2.       Destruction of Sodom and Gomorrah (Genesis chapters 18 and 19).  Albright and Kyle in 1924 found quantities of debris of a period dated 2000 to 2500 BC, showing overwhelming evidence of the truth of the Genesis account.  It included evidence that the population ended abruptly about 2000 BC.  The sites, now covered by the Dead Sea, had asphalt, pitch, and “brimstone” (19:24) with a stratum of salt about 150 feet thick, with a stratum of free sulfur above it.  “ Lot’s wife” was slain by the rain of salt upon her.  The site can still be visited today and is uninhabited.  A modern gambling enterprise applied to the Israeli government for a permit to build a casino and entertainment center here.  The government refused, saying “once was enough.”

 

3.        “Seven Year Famine” in Egypt (Genesis 41:46-57).  There is remarkable confirmation of this account given in Brugsch’s History of Egypt, taken from the archives of the Egyptian court.  The same history records a story resembling that of Joseph and Potiphar’s wife.  The same story, called “Tale of Two Brothers” is in an ancient papyrus now in the British Museum and is recorded by Brugsch.  Sir Flinders Petrie in 1912 discovered the ruins of what he believed was Joseph’s palace.

 

4.       Building With Bricks Without Straw (Exodus 3:11; 5:7-19).  At Pitom, Kyle and Naville in 1883 found structures described above with these levels, the top of brick with straw and the bottom without straw.

 

5.       Death of the Firstborn (Exodus 12:29).  The Pharaoh of the Exodus was Amenemhet IV (1456-1446 BC), according to Stewart, using the information provided by Ipuwer, who said that the pharaoh died by “pouring power” (drowned in the Red Sea).  Inscriptions have been found that he was not succeeded by his firstborn son.

 

6.       Joshua’s Name (Josh. 1:1).  Occurs in the Amarna tablet, written from the land now called Israel by Pharaoh.

 

7.       Deborah’s Victory Over the Canaanites (Judges 4:23-24; 5:19).  The Oriental Institute in Chicago in 1937 found at Megiddo a stratum belonging to the 12 century BC (the time of Deborah).  It indicated a tremendous fire on top of a layer of Canaanite relics, evidencing their terrible defeat.

 

8.       Writings in the Time of Moses.  Modern (higher) criticism denied its existence.  This is despite the hundreds of books proving otherwise.  In Egypt thousands of inscriptions have been found, outdating Moses by a millennium.  Alphabetic writing dating from 400 years before Moses was found by Petric in Sinai.  The Rosetta Stone (discovered in 1799) was the key that unlocked Egyptian hieroglyphics, all pre-Mosaic.  The critics were wrong again.

 

9.       Priority of Monotheism over Polytheism (Genesis 1:11).  Critics claimed that polytheism preceded monotheism, which they saw as a later evolutionary development.  W. Flinders Petrie found indications that Egypt’s first religion was monotheism.  Stephen Langford of Oxfordfound early Babylonian inscriptions that belief in one God was man’s first religion and that it declined into polytheism and idolatry.  Moses, speaking for God, brought Israel to reassert belief in one God and condemned polytheism.

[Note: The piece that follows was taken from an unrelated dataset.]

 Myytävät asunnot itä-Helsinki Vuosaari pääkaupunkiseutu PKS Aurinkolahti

  Most of the above archaeological data is based upon notes in Halley’s Bible Handbook .

 

 

 

The Sons of Noah (Genesis 10)

 

Shem (vs. 22-29)

    (oldest) Genesis 11:11-29

              The godly line

Elam ( Persia), Ashur, Arpachshad

 

             Lud, Aram, Uz ( Syria)

 

Shelah

               (also in Luke 3)

Shelah also had a son named Cainan

      (“a son of Arpachshad”)

 

            Eber

 

            Peleg

 

            Reu

 

            Serug

 

            Nahor

 

            Terah

 

            Abram

 

Luke 3:23-38 shows Nathan as son of David (vs. 31) (Mary’s genealogy)

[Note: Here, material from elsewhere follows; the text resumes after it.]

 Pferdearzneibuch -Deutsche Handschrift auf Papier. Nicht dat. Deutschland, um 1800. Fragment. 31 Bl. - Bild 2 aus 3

Matthew 1:1-17 Abraham to Joseph, legal father of Jesus.   Solomon is son of David, cut off in ruling line by curse on Jeconiah (Coniah) Jeremiah 27:20; 32:24, 30.

Japheth (vs. 2-5)

I Chronicles 1:57; Ezekiel 38:2, 6

I Kings 17:6; Isaiah 66:19

Gomer – Ashkenazi (German)

(1st son) and Togarmah 17:6

Jeremiah 51:2; Ezekiel 27:14

 

Magog (I Chronicles 1:5)

(2nd son) “ land of Magog

associated with Gog Ezekiel 38:2; 39:6

near islands of Aegean Sea,

offshore of modern Turkey

 

Medai – possibly Media (Medes)

I Kings 17:6; Isaiah 15:17; Daniel 5:28, 31

 

Javan ( Greece)

Tashish – Kittim, Dudanim

Ezekiel 27:12-25

 

Tubal (Scythian tribes – near Black Sea)

 

Mesheck – on Assyrian monuments (Iraq-Iran area)

 

Tiras (Thracians – north of Greece)

Ham (vs. 6-20)

Cush ( Ethiopia, Sudan, N. Africa, Middle East)

 

Egypt (Mizraim)

 

Canaanites – not just black people

(Egyptians, not black, nor Middle Eastern Arabs)

 

Old Testament Chonrology

Patriarchal Age

 

 

1946 BC           Abraham’s birth

 

1876 BC           Promise to Abram in Ur (beginning of 430 years when he was age 70)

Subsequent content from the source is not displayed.